Data supplied:
────────────────────
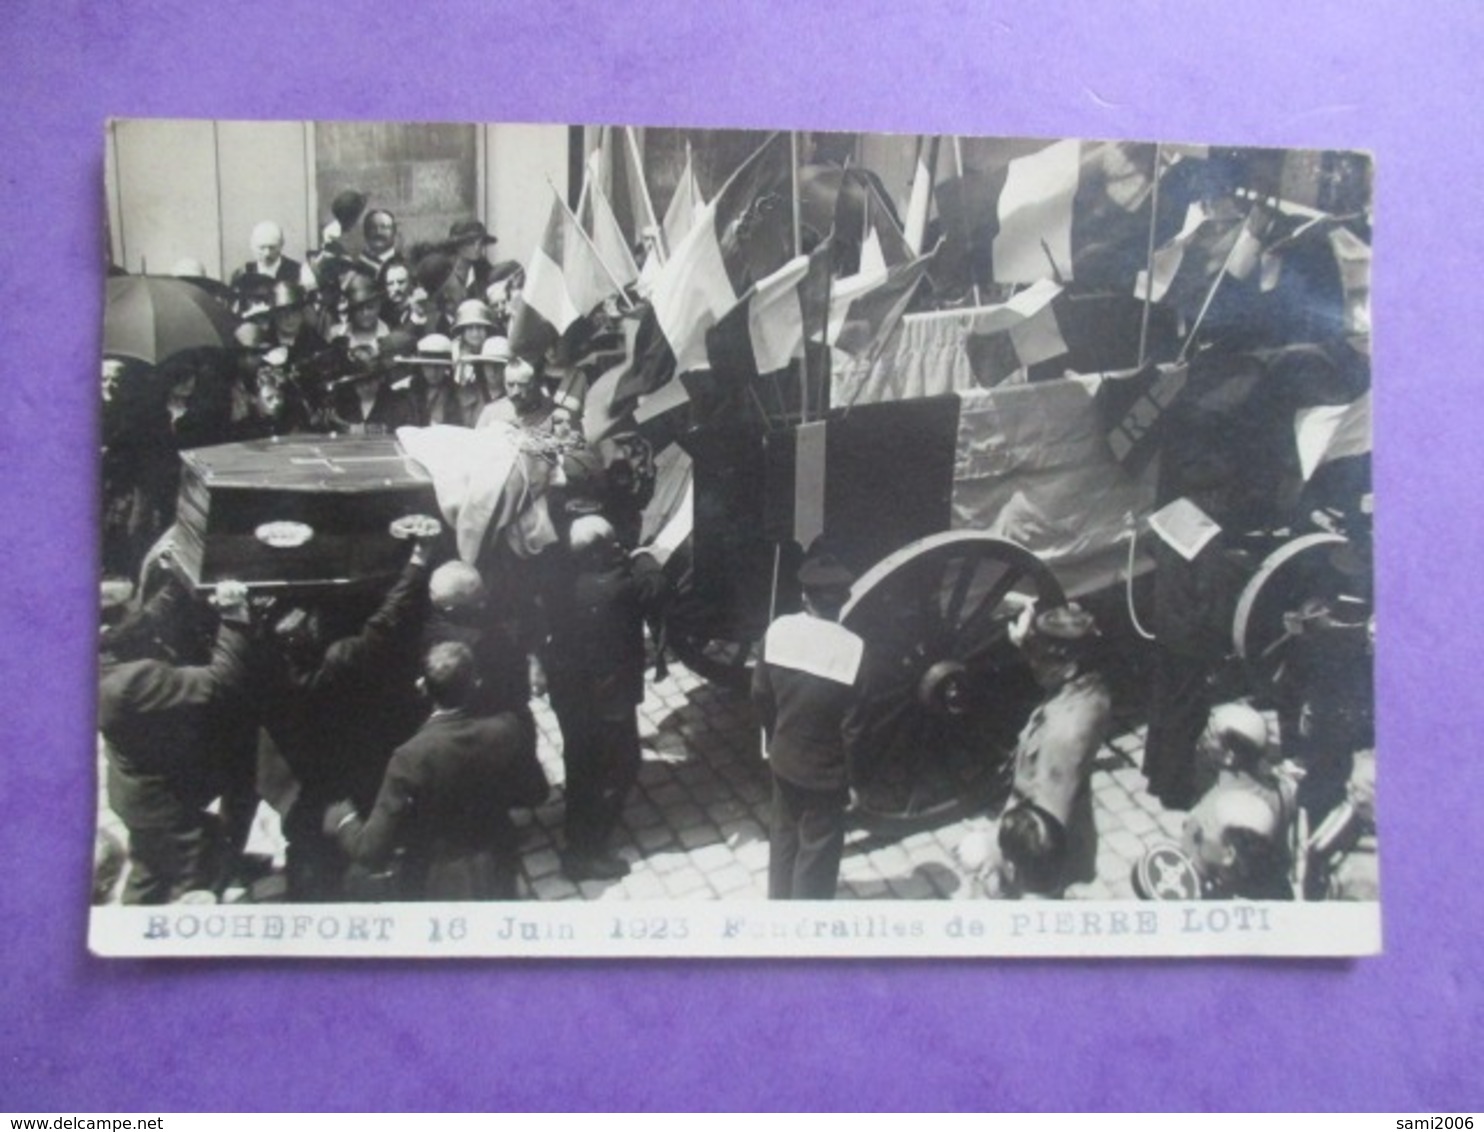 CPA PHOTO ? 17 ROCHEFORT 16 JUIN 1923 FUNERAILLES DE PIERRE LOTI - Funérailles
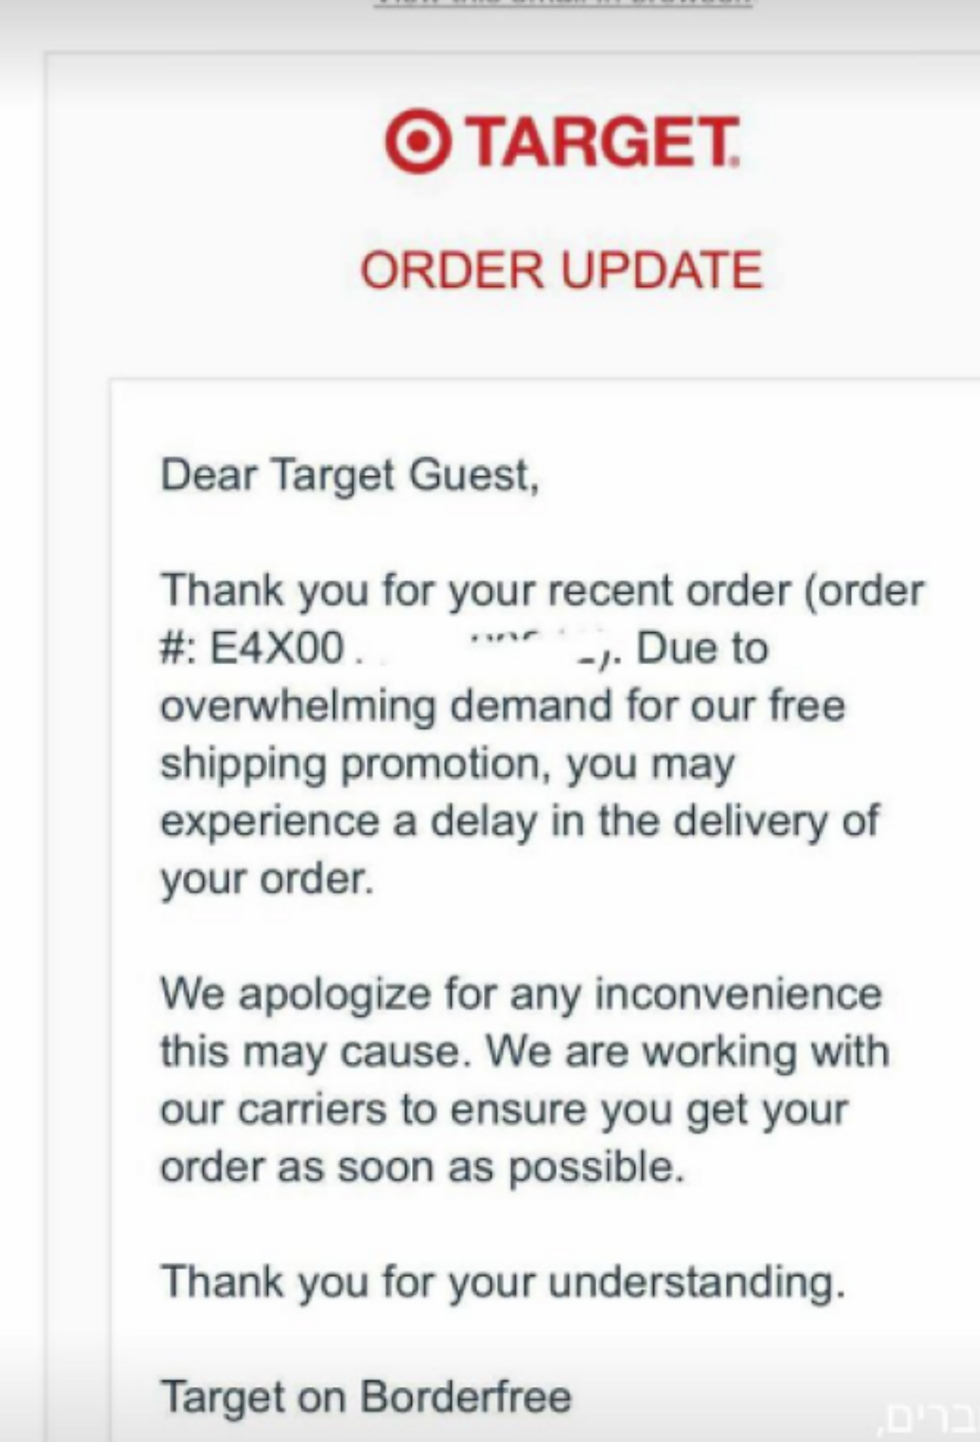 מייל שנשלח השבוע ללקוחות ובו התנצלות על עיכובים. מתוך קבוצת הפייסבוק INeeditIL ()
────────────────────
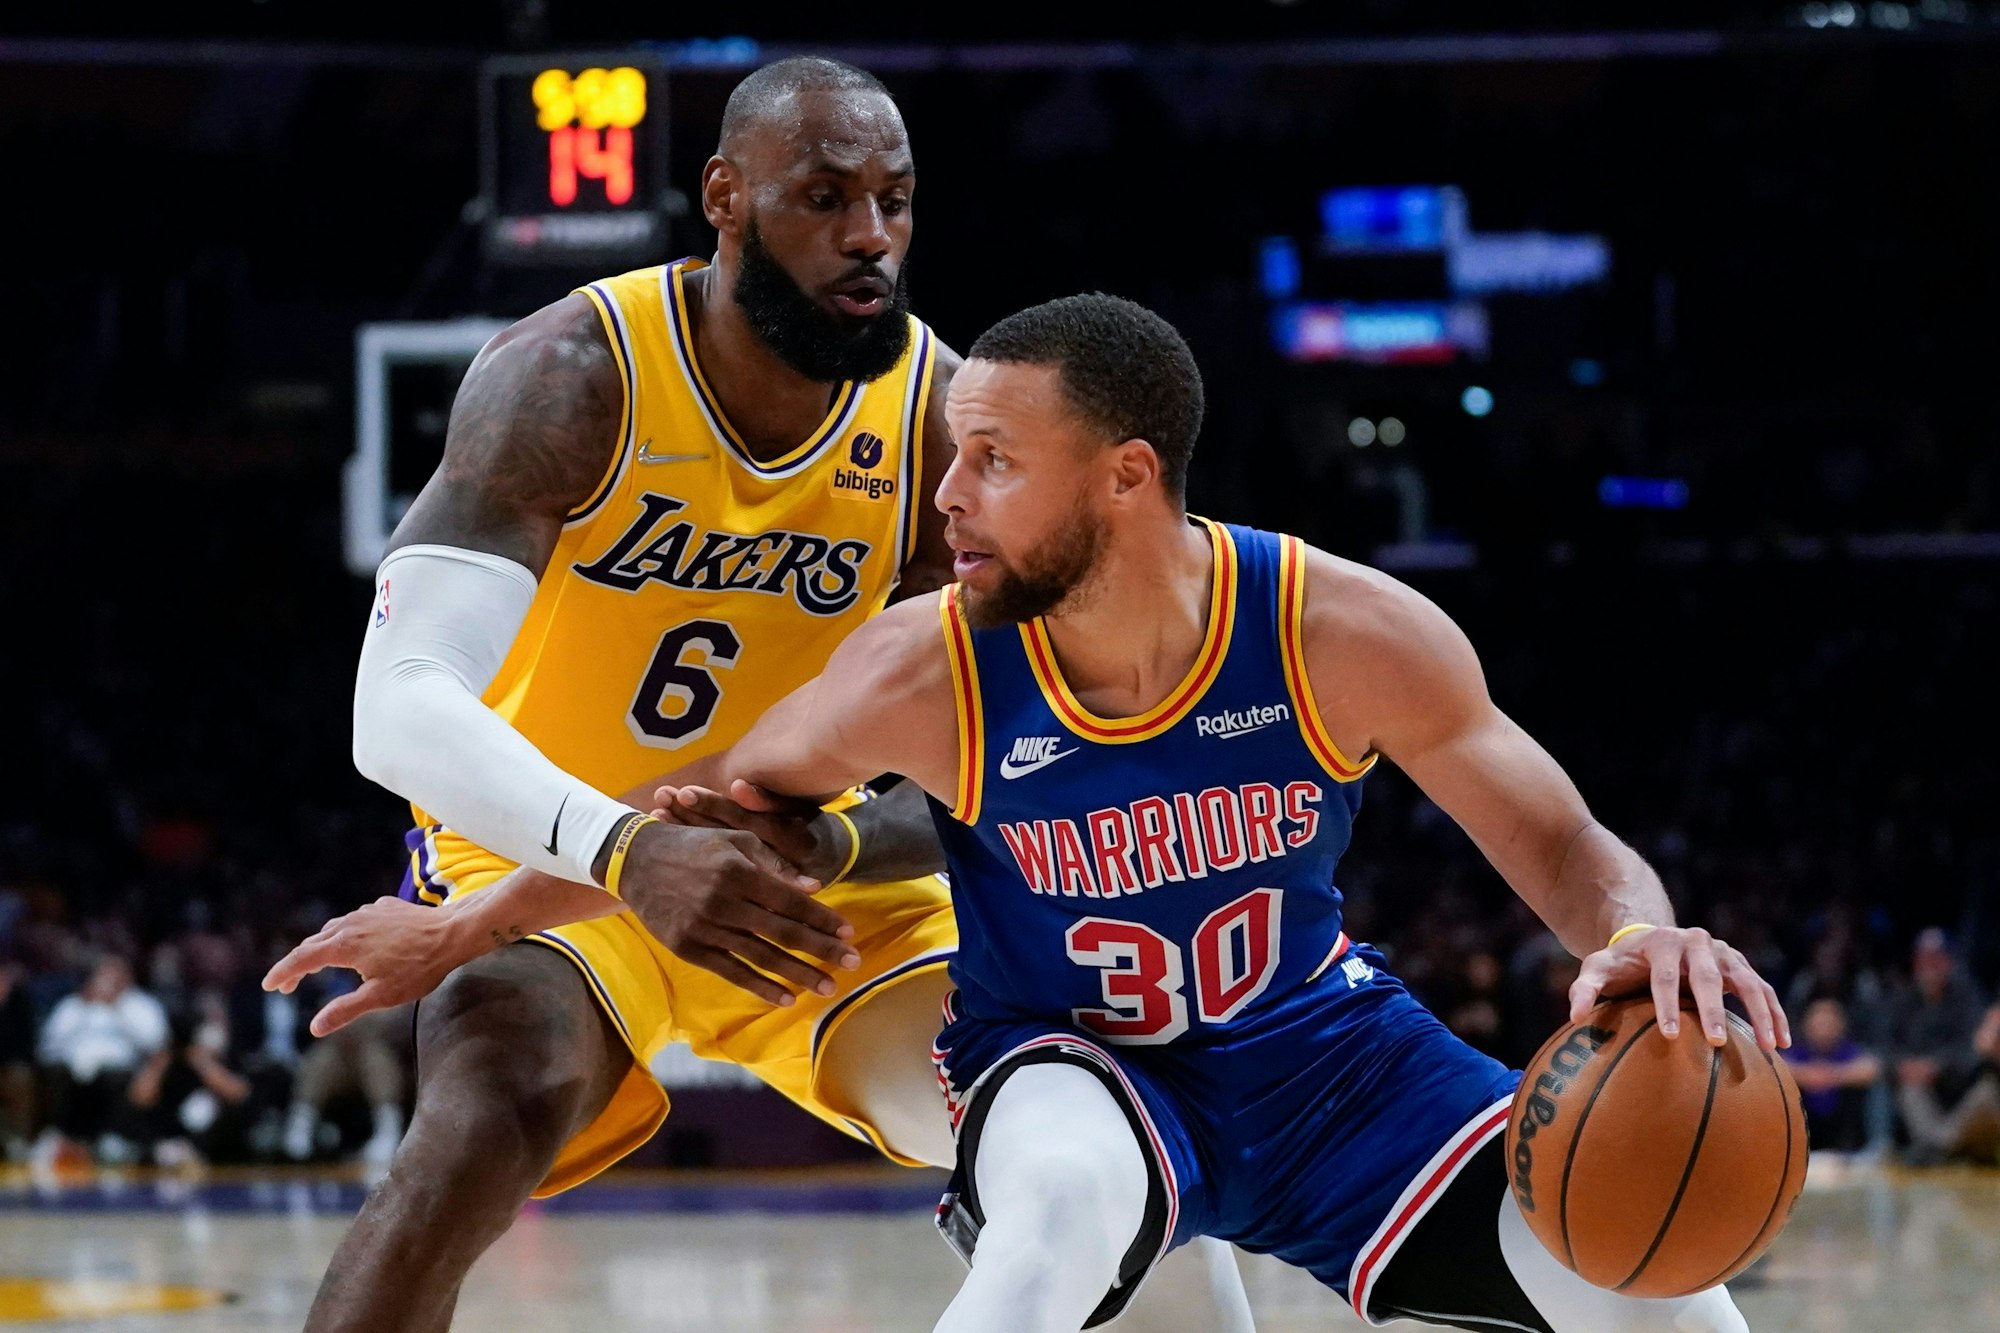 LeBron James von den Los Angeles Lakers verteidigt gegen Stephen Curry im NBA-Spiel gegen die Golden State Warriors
────────────────────
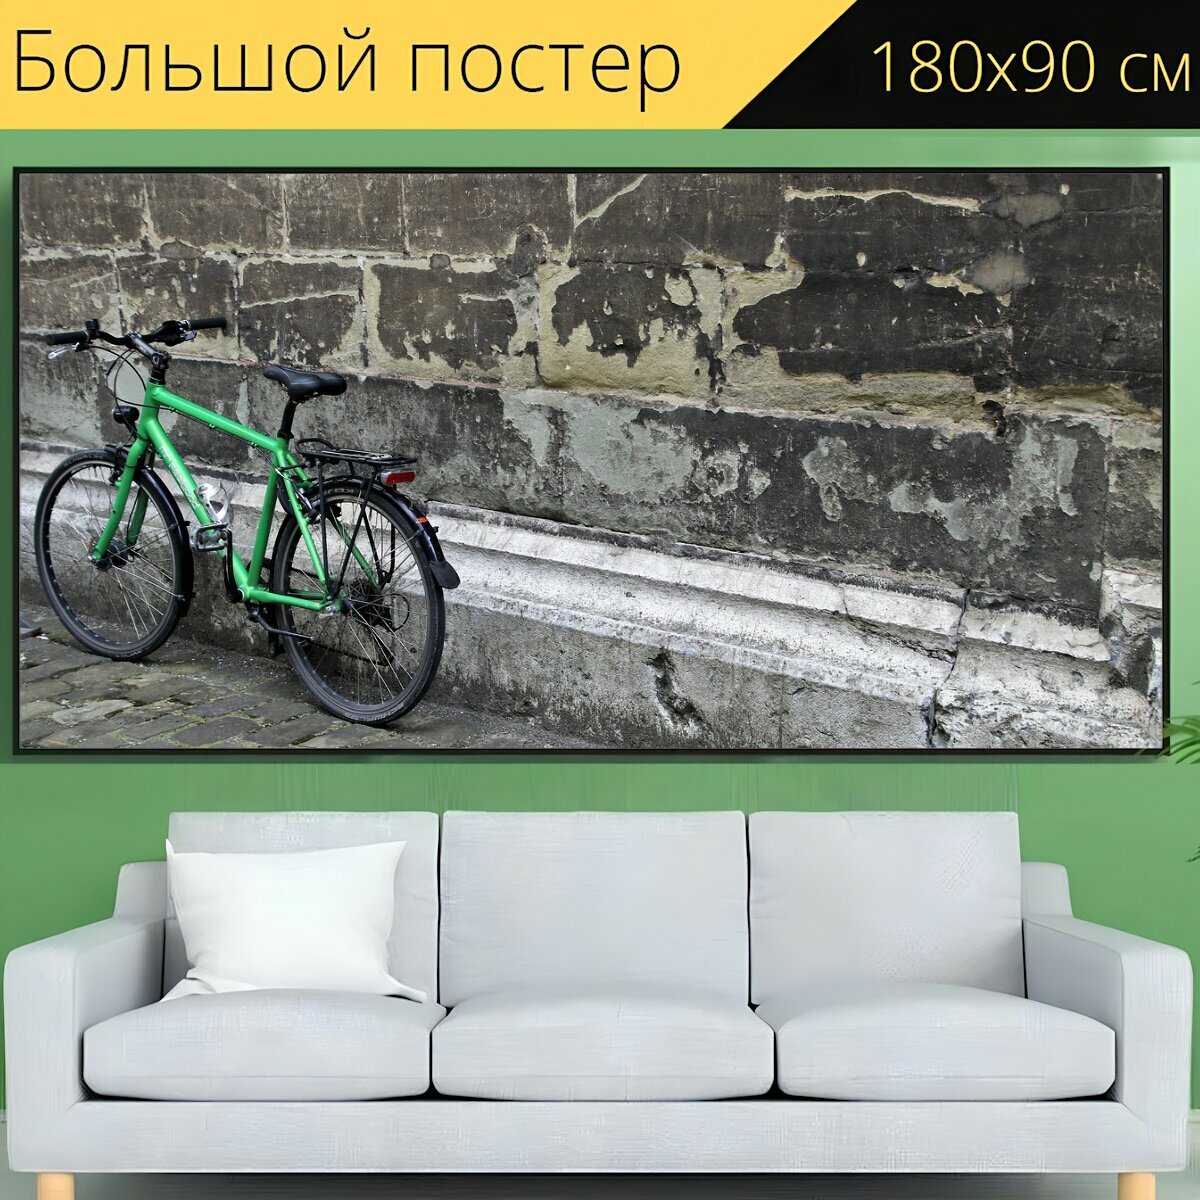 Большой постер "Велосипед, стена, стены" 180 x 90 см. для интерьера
────────────────────
Your instructions:
The output is the stretch above from the line with "CPA PHOTO ?" through the line with "מייל שנשלח השבוע", copied word for word with both ends kept and every picture dropped.

Output of the exercise:
 CPA PHOTO ? 17 ROCHEFORT 16 JUIN 1923 FUNERAILLES DE PIERRE LOTI - Funérailles
 מייל שנשלח השבוע ללקוחות ובו התנצלות על עיכובים. מתוך קבוצת הפייסבוק INeeditIL ()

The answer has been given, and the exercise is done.